Чую силу великую! – плача и смеясь одновременно, отвечал Илья. Он схватил со стола корчажку малую и раздавил ее в ладони в порошок.
– Э, брат… – протянули старцы. – Это в тебе еще зелье гуляет. Так ты у нас как берсерк варяжский сделаешься – те мухоморов сушеных нажрутся и чувствуют в себе силу великую. А как действо зелья пройдет, так и бери их голыми руками. Нам ты такой не надобен!
– Да как же, отцы мои, благодетели, – дрожа мелкой дрожью, стуча зубами и плача, говорил Илья. – Я силою своею послужу! Ох, как послужу!
– Сила есть – ума не надо! А тебе ума много потребуется! – осадили его старцы. – Ну-ко!
Они достали другую заветную корчажку с иным зельем: – Вот, испей – охолонешь.
Стуча зубами о край глиняной плошки, Илья выпил. Его прошибла испарина. Словно вынырнув с большой глубины, он тяжело дышал и обмяк, привалившись к стене.

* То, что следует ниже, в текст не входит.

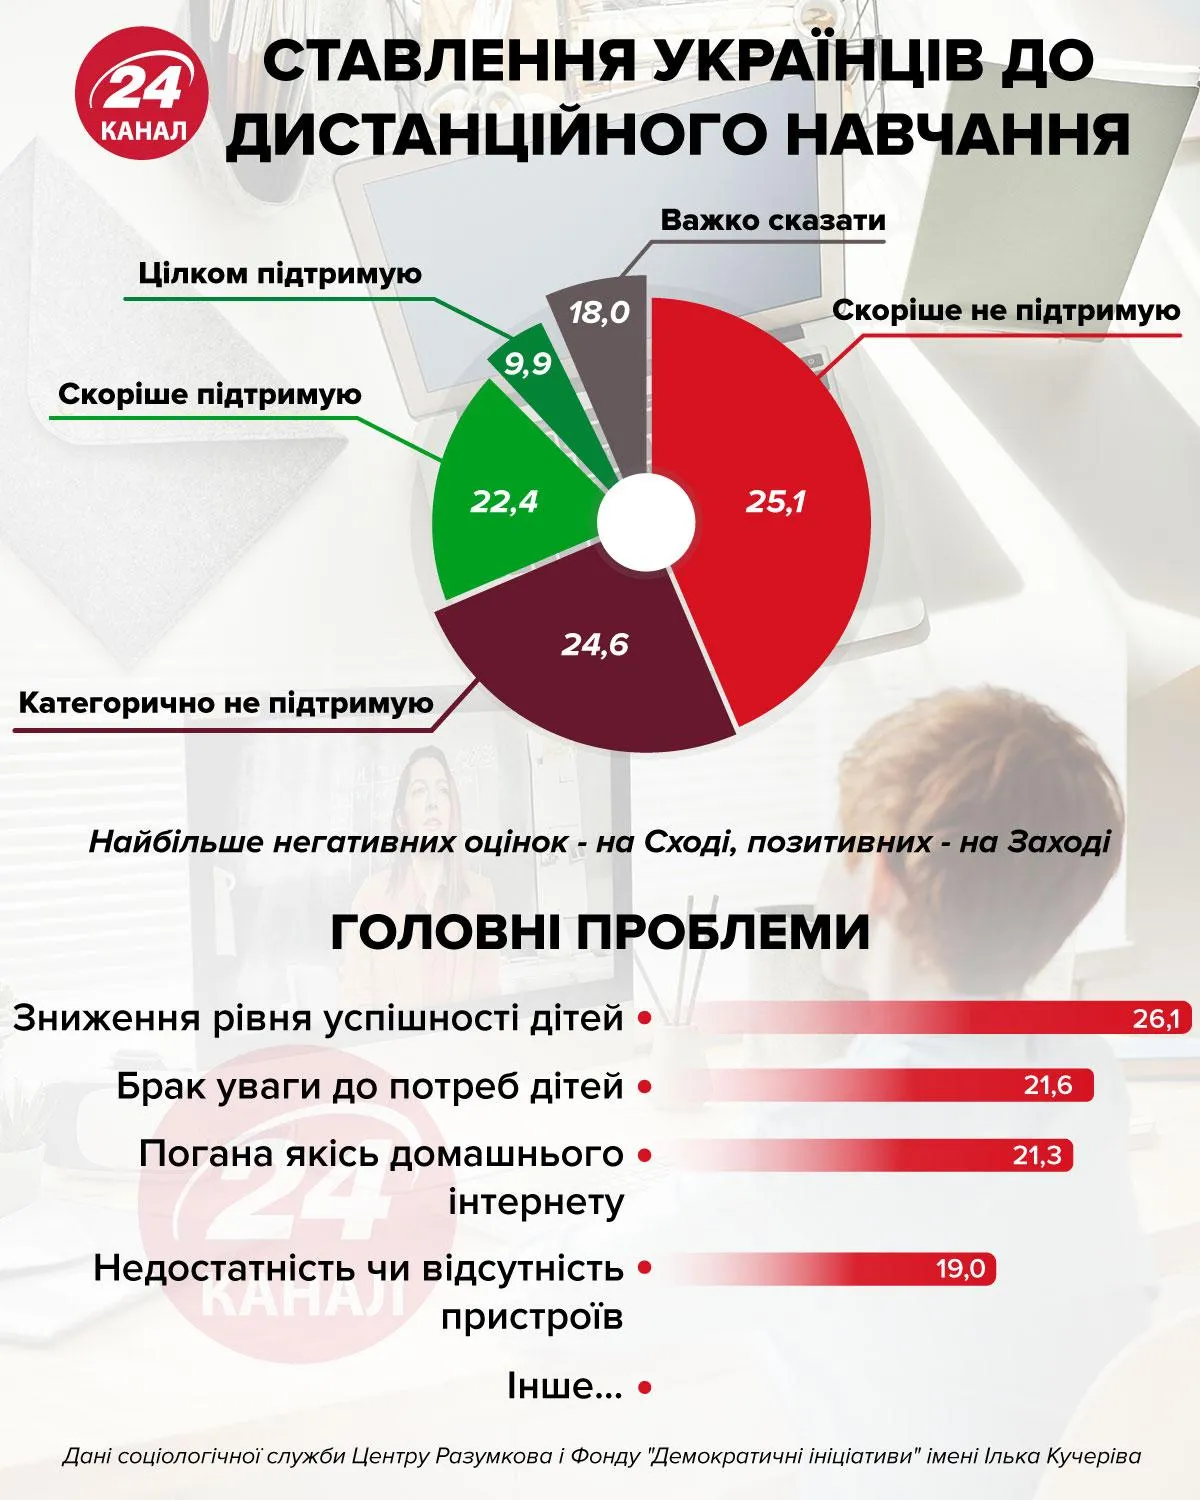 Как относятся украинцы к дистанционному обучению инфографика 24 канала

– Ну вот… – говорили старцы, отирая его рушниками. – Вот и ладно будет. Теперь-то небось силы не чуешь?
– Вовсе ослаб. Но шевелю руками, ногами-то!
– Знамо, шевелишь. И еще как шевелить станешь. Только в силу тебе входить надо теперь медленно: шутка ли, сколь ты времени сиднем сидел. Теперь тебе заново ходить учиться нужно.

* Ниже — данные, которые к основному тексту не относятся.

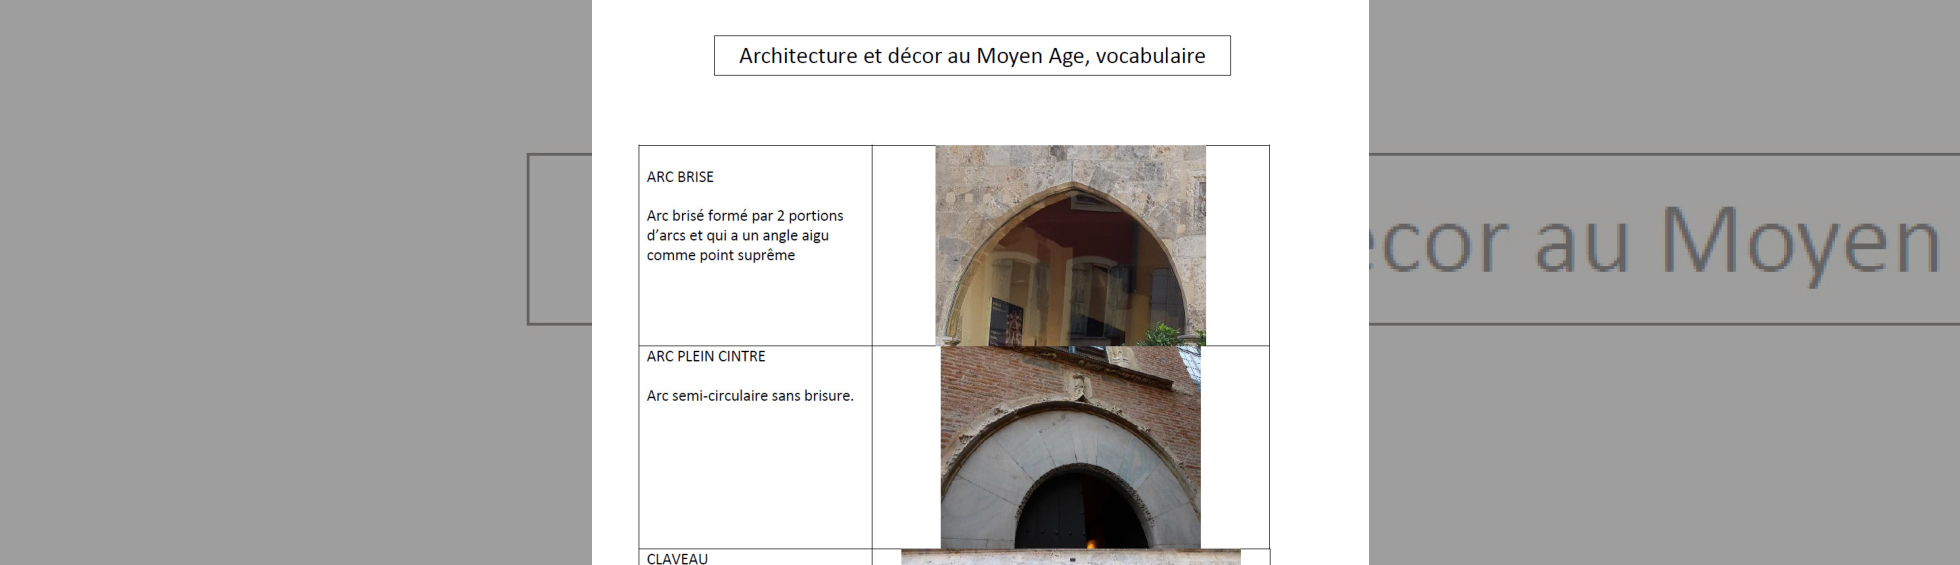 Architecture et décor du moyen âge

– Да нет! Ходить-то могу, – сказал Илья, поднимаясь и сутулясь под низким для него потолком баньки. Однако ноги, будто кто стукнул под коленями, согнулись, и он едва не упал…
– То-то! – засмеялся монах. – Давай-ка, как с дитем малым, тихохонько пойдем. Одной ноженькой, другой. Одной, другой…
Илья, обвисая всем своим мощным, непослушным телом на плечах монахов, выполз на волю… Вдохнул полной грудью…
– Господи Боже ты мой! Хорошо как…
Хрустальный рассвет стоял над городищем. Чуть дрожал воздух над избами, согреваемыми человеческим теплом, а дальше, за частоколом стен, зелеными валами лежал бесконечный лес, синеющий вдали и своей бескрайностью слитый с голубыми небесами. – Да, не насытится око зрением, – согласились с Ильею монахи. – А ухо – слушанием.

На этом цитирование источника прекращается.